If you’ve read this blog before, you may know some of my crazier ideas, including the one about the Kokadrille. I’ve never felt “whole”, or even like the only occupant of my body. Also, I feel like an occupant of my body and I don’t consider myself to be my body. There’s some pros and cons to this belief but either way it’s not one I can simply concede is false, because that’s how my perception of self works. It amazes that there are people with holistic views of themselves, I can’t conceive of what that would be like. Not feeling whole is part of what keeps me going; I owe it to my body not to kill it, because it doesn’t want to die. Even if I managed to stop caring about that, the monster in my head doesn’t really like the idea of losing the body either, and goes to extremes to stop me from ending it all. I realize that’s probably one of the most insane things I’ve ever written, which is why I hate honesty. Because if I’m honest, I scare myself.
Enter the social circle. It's still tough for me to reach out to friends when I'm feeling upset and frustrated, but thankfully I have people to reach out to, I honestly don't think I could handle myself if I didn't. I've sat with friends while completely mummified by my depression, unresponsive despite their best attempts to make me feel better. I don't know if they felt like they failed, but they didn't. Having someone there when you're that low stops you from ending it. Believe it or not, you're leveling out that sad asshole who's not responding to your jokes.
I don't know if I've ever heard of someone talk about "doing (Insert form of self harm) for attention" since high school, but I think that fear lingers in the back of any major depressive's mind. You can't imagine that people can sympathize with you, in part because you're so out of your mind with sadness that you can't even sympathize with other sad people. You feel like an asshole because your friends are trying to help you and you don't feel better. You're suddenly obligated and the whole idea of them helping you has turned on its head and made you feel worse about yourself. You're afraid of losing the people you have left, who ironically are still concerned about you.
It's hard to know what to do when you're that unhappy because you also don't have a schedule for when that feeling subsides; but it will. Maybe not for as long as you'd like it to, and it might not be replaced with a reciprocal high (sometimes you go from "sad" to "meh" back to sad a few weeks later with none of that bipolar high you hear about), but you have to understand that it is temporary. Once you wrap your head around that, you have to wrap your head around accepting help from people, even if you suck at accepting it, even if they're not the best adapted at helping you.
There's this sappy sentiment you see in a lot of articles dealing with suicide that regardless of whether you know it or not, you matter to somebody. Even if you don't know them, your death will negatively impact somebody. It's hard to learn about someone who's killed themselves, because it's easy to put yourself in their shoes, walk through their decisions, and see yourself doing it, too. If feeling like I'm only one of the residents of my body has taught me anything, it's that no being fully wants to die; something wants whatever is going on to stop.
I don't know the meaning of the word "enough". I don't think we're given that as kids; we're told to work as hard as we can, and we don't know what that means or entails, what sacrifices are worthwhile and which ones aren't. We push ourselves into the ground and feel robbed when there's nothing to show for it. The only thing you'll find when you push yourself into the ground is a grave, pup. You're not showing people that you want the elusive "it" more than anyone else by killing yourself with your lifestyle. This round of depression has been another learning experience, to figure out what it means to do "enough" and let go of the idea that what I'm doing doesn't qualify.
If I am fascinated by lies, I have equal antipathy for the truth.
We have such a bitter image of the truth; it’s cold, hard, and brutal.
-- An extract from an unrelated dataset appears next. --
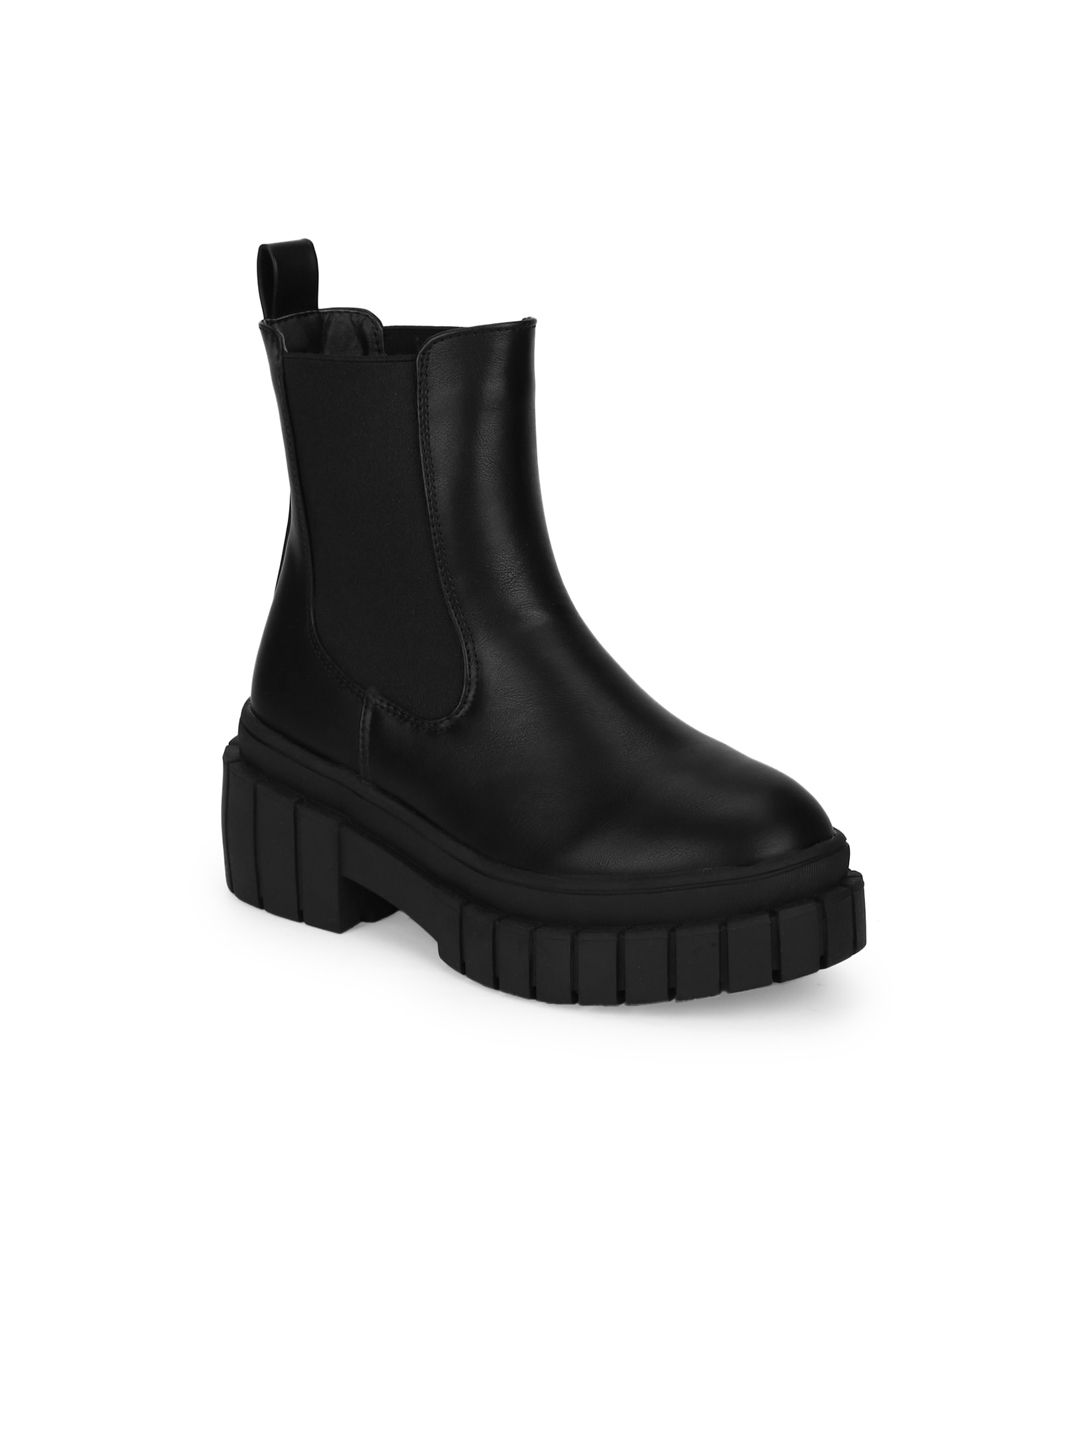 Truffle Collection Black Solid Block Heeled Boots Price in India

Even so, we think we want it, that the emotional turmoil that comes from learning the truth is worth the pain. “Because I’d want to know” is one of the most common motives for coming clean, the belief that we’re better off operating with accurate information when it comes to making decisions.
I don’t think that’s wrong, but I empathize with those who create intricate alternate realities through their lies to avoid getting hurt. The truth might set you free, but it can drive you insane.
People who are intolerant of falsehood seem like they’re fooling themselves into thinking they have some superiority over the gullible, when in fact all they’re doing is marinating themselves in pain. Some level of deception, at the very least self deception, is required to begin anything that’s difficult. Believing you have talent tends to hold you over as you hone a skill. There wouldn’t be a point in trying to develop it other wise. The truth is sterile; it breeds little imagination. We don’t daydream about what’s real, we lie to ourselves because lies are rife with possibility. Maybe that’s how we achieve the extraordinary, believing a lie into existence.
I don’t see falsehood as such a packageable thing any more. For one, our brains are champions of not working the way we want and we fool ourselves via logical fallacies and cognitive bias, and no matter how self aware or well read you consider yourself, it’s still likely to happen to you. We’re influenced by other, equally malleable people. It’s tough to consider undeniable truth, which is why we turn to the verification of facts and knowledge; you can know knowledge, but you can’t know any certain truth.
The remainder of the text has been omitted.